When re-writing (as shown in his answer) the prefix (\d|\d\d) will be matched only once, and the engine should check only two different sequels (match -(\d|\d\d) or just an empty string )

 (\d|\d\d)(?:-(\d|\d\d))? 

Here's how his answer improves the effectiveness of regular expressions. The same method applies to \d|\d\d .

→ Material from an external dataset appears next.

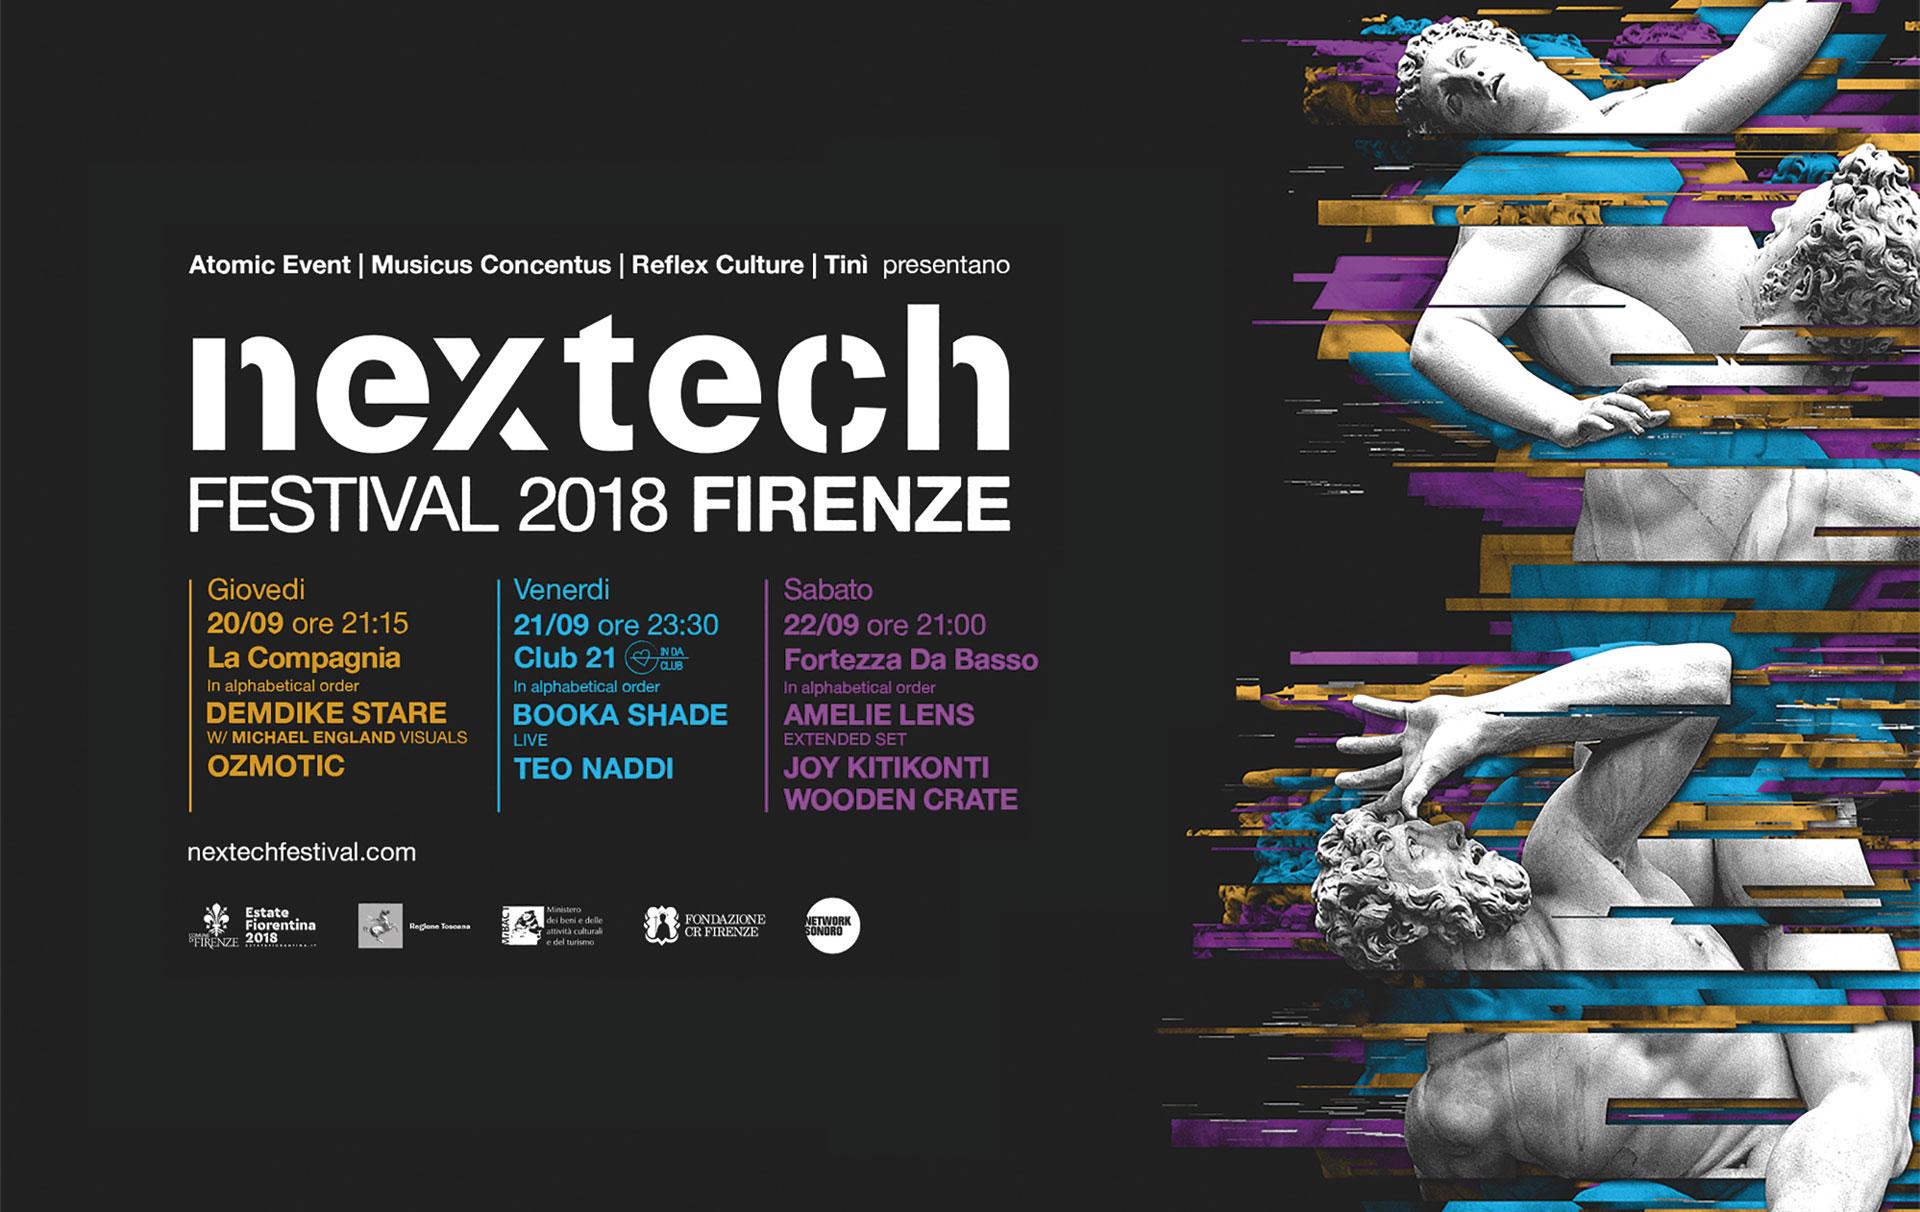 nextech-festival-2018-zerouno-design

Back to the StackOverflowError problem. If you run a regular expression in a string with 1000 elements, any of the above expressions will raise a StackOverflowError . This is due to the implementation of the Pattern class in Sun / Oracle / OpenJDK, which uses recursion for the greedy and lazy quantifier.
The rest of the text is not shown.